Du point de vue formel, n'importe quelle mauvaise idée qui passe par la tête d'un homme est plus élevée que n'importe quelle production de la nature car elle possède plus de spiritualité et de liberté. (Esthétique, Poche, 1997, t. 1, p. 52)


En disant cela, Hegel affirme que la beauté de l'art est a priori supérieure à la beauté naturelle. Combien je lui préfère le point de vue de Montaigne :


Ce n'est pas raison que l'art gagne le point d'honneur sur notre grande et puissante mère nature. Partout où sa beauté reluit, elle fait une merveilleuse honte à nos vaines et frivoles entreprises. Tous nos efforts ne peuvent seulement arriver à représenter le nid du moindre oiselet, ni la tessiture de la chétive araignée. (Essais, 1, 31)
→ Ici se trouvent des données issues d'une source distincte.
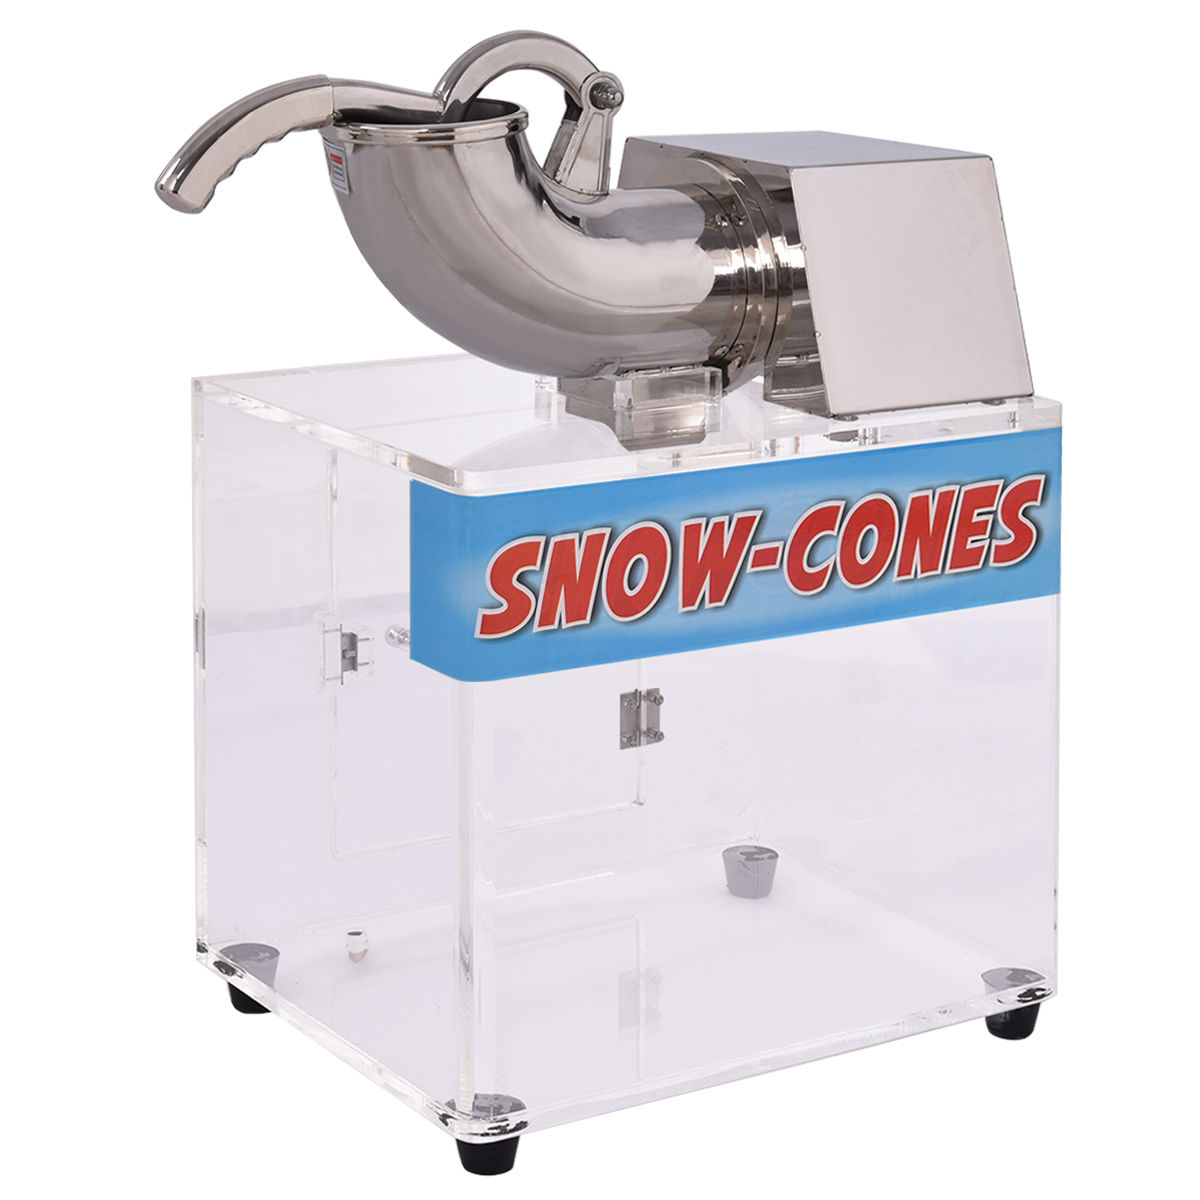 Costway Electric Snow Cone Machine Ice Shaver Maker Shavi...

Il faut pourtant reconnaître que cette discussion est engagée sur un quiproquo ! Montaigne parle de l'art au sens ancien qui incluait l'artisanat. Ainsi, l'architecture et la maçonnerie prolongent le nid de l'oiseau ou la toile de l'araignée. Hegel, lui, parle de l'art comme imitation, comme représentation de la nature, disons au second degré. Pensons à la peinture ou à la littérature.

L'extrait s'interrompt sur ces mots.